III. ORDER TO SHOW CAUSE
The plaintiff thus was advised that the Court was inclined to dismiss the complaint based on the aforementioned grounds. (Order to Show Cause, at 12.) The Court ordered him to show cause why the complaint should not be dismissed. (Id. at 13.)
IV. PLAINTIFF'S RESPONSE
The plaintiff filed a response — including documents from previous cases and correspondence to government officials and medical personnel — amounting to 65 pages. (Dkt. entry no. 5, Pl. Resp.) He has also submitted a proposed amended complaint. (Dkt. entry forthcoming.) The plaintiff argues that: (1) the order to show cause is "slick" and a "trick . . . to Circumvent Justice and cause a miscarriage of justice to occur"; (2) "all these Judges do is call each other up and ask for favors"; (3) he is "watching" this Judge "very closely now good move to screw me"; and, (4) his treatment by the courts has been "illegal" and indicative of "Genocide". (Pl. Resp., at 1-2.) The Court, upon review of these papers, finds the arguments to be without merit, as they merely re-state the improper allegations in the complaint.

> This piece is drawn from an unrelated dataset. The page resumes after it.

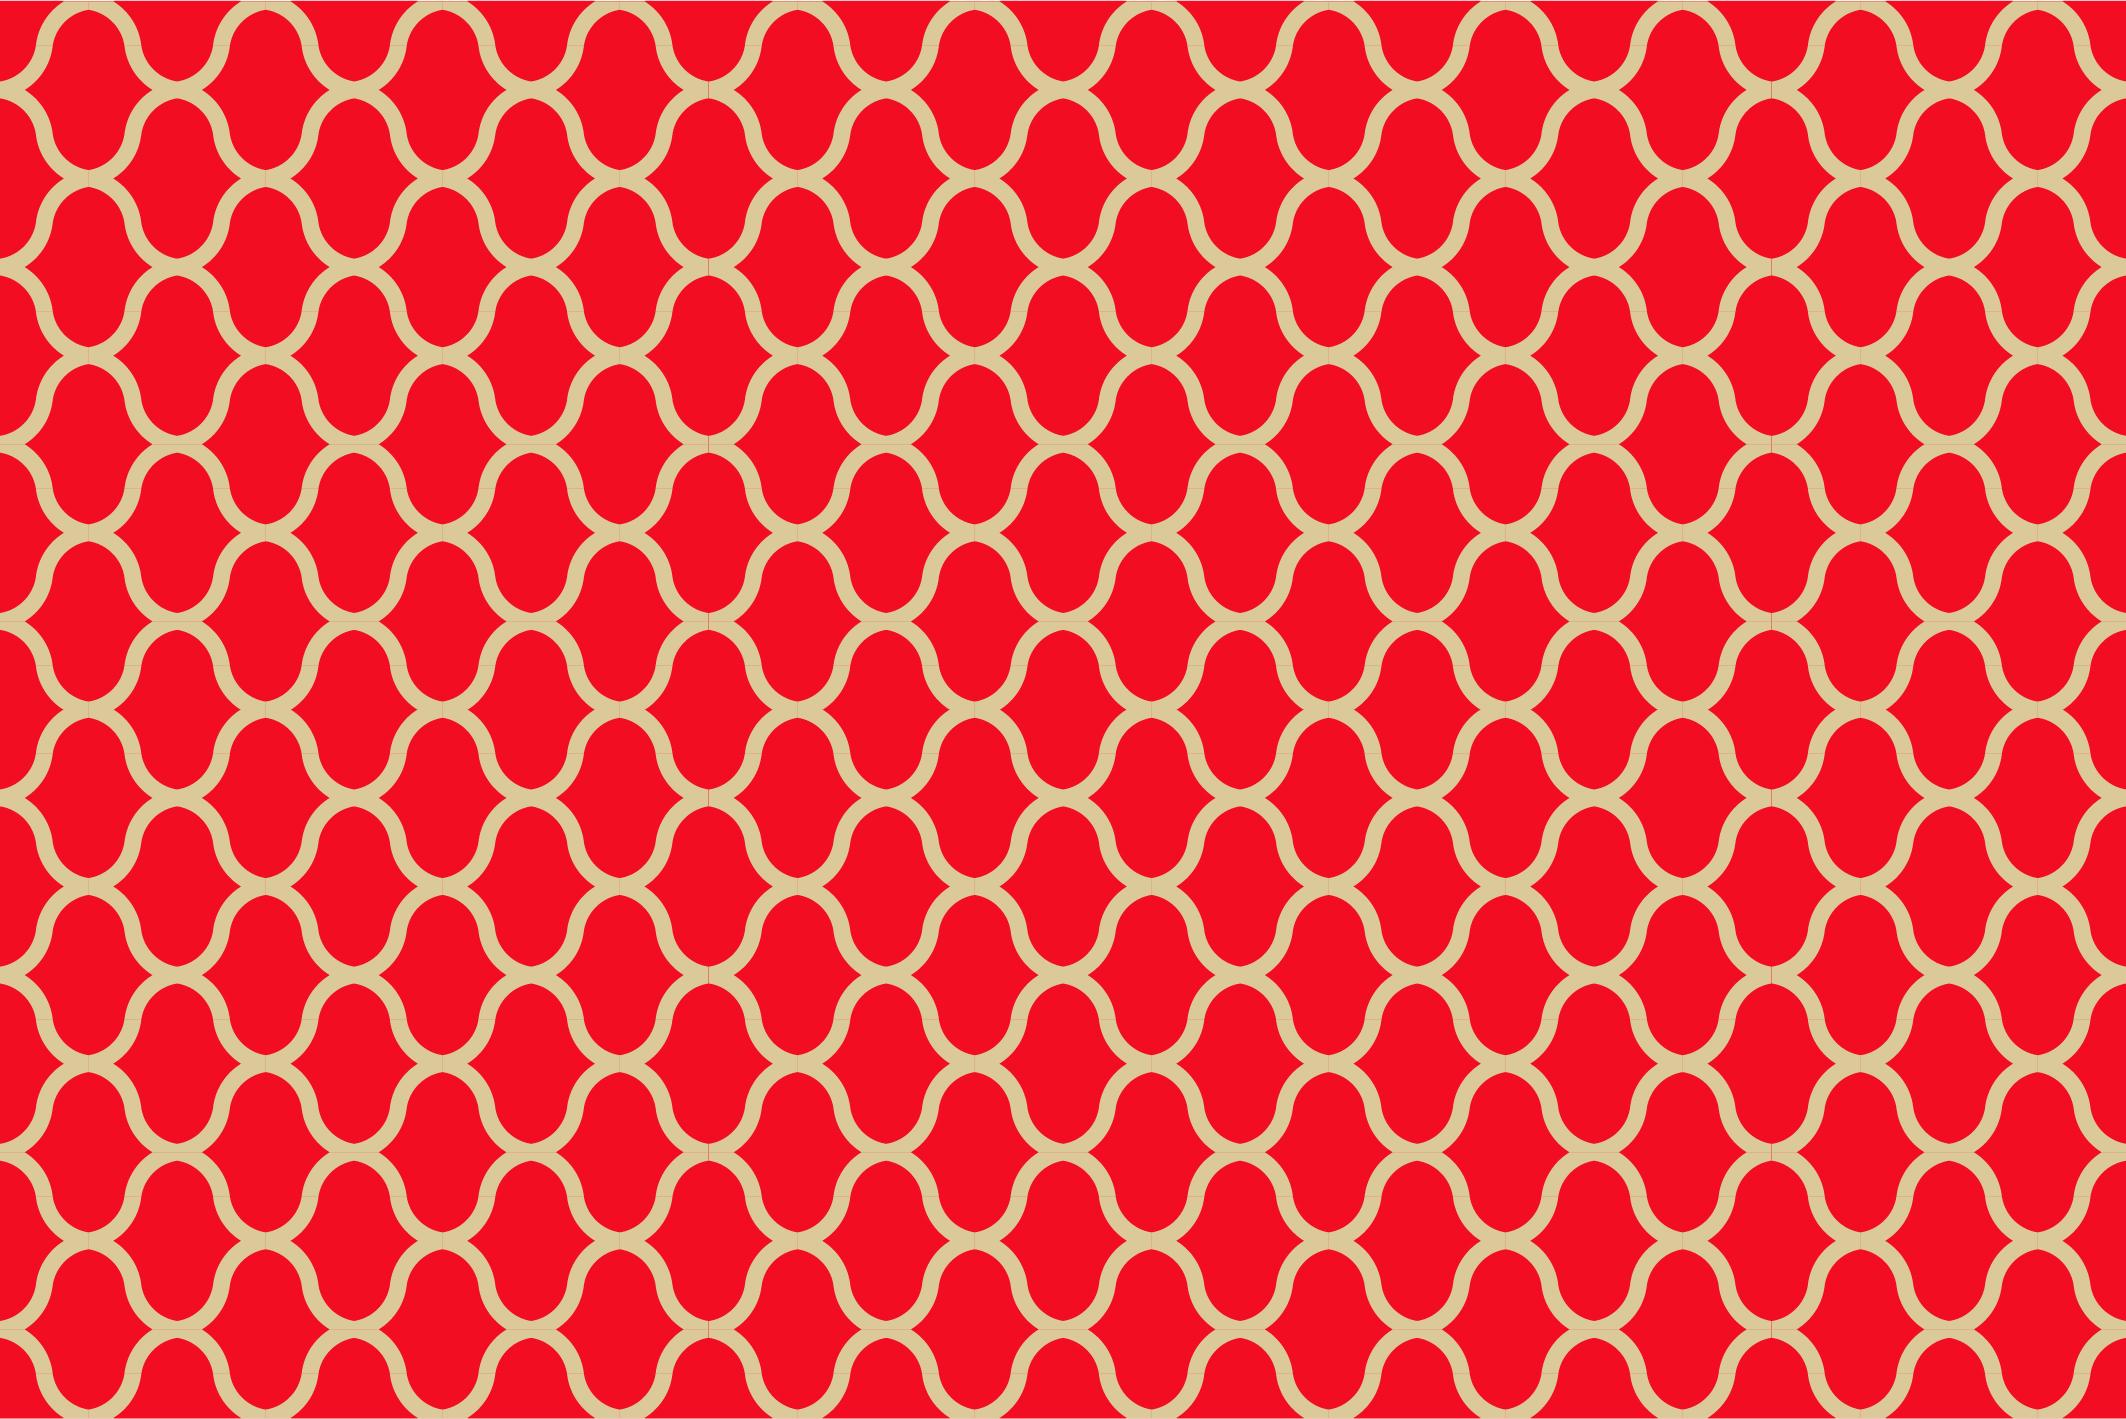 Luxury ornamental seamless patterns. example image 2

The proposed amended complaint also fails to address the deficiencies of the complaint. The Court, therefore, intends to dismiss the complaint as deficient based on the grounds discussed above, and direct the Clerk of the Court to close the action.
V. PLAINTIFF'S FURTHER ACTIVITY
A. Three-Judge Panel
The plaintiff moves, in effect, under 28 U.S.C. § 2284 to convene a three-judge panel to oversee this action. (Dkt. entry no. 6.) But there are no grounds here for granting that relief, as "[u]nder § 2284, a three-judge panel may be convened only under limited circumstances, such as to preside over 'action[s] . . . challenging the constitutionality of the apportionment of congressional districts or the apportionment of any statewide legislative body.'" Kachikwu v. Kachikwu, 205 Fed.Appx. 929, 931 (3d Cir. 2006) (affirming district court order denying motion). The allegations set forth by the plaintiff in support of the motion — e.g., the courts are perpetrating a "snow job" against him — are without merit. The Court will deny the motion.
B. Disqualification
The plaintiff also moves under 28 U.S.C. § 455 to disqualify this Judge. In support, he re-states the allegations in his complaint and the arguments in his response to the order to show cause. (Dkt. entry forthcoming.) However, "[a]dverse legal rulings are not proof of prejudice or bias and, almost never, a basis for recusal," and his arguments comprise no more than "a fantastic conspiracy theory for which he provides no evidence."D'Amario v. Bailey, 182 Fed.Appx. 102, 103 (3d Cir. 2006) (affirming district court order denying motion to disqualify). The Court will deny the motion to disqualify.
C. Inappropriate Conduct
The plaintiff, on April 19, 2007, appeared at the Clerk's Office to personally deliver documents. (See dkt. entry no. 7, 5-10-07 Letter.) The Court is advised that when the plaintiff perceived the staff of the Clerk's Office as being uncooperative, he proceeded to behave in a threatening manner — e.g., he kicked a door repeatedly — and that the staff of the Clerk's Office required the assistance of court security personnel. The Court intends to bar the plaintiff from contacting the Clerk's Office or this Court by any means other than the mail.
VI. CONCLUSION
The Court will deny the plaintiff's separate motions and dismiss the complaint. The Court will issue an appropriate order, judgment, and notice.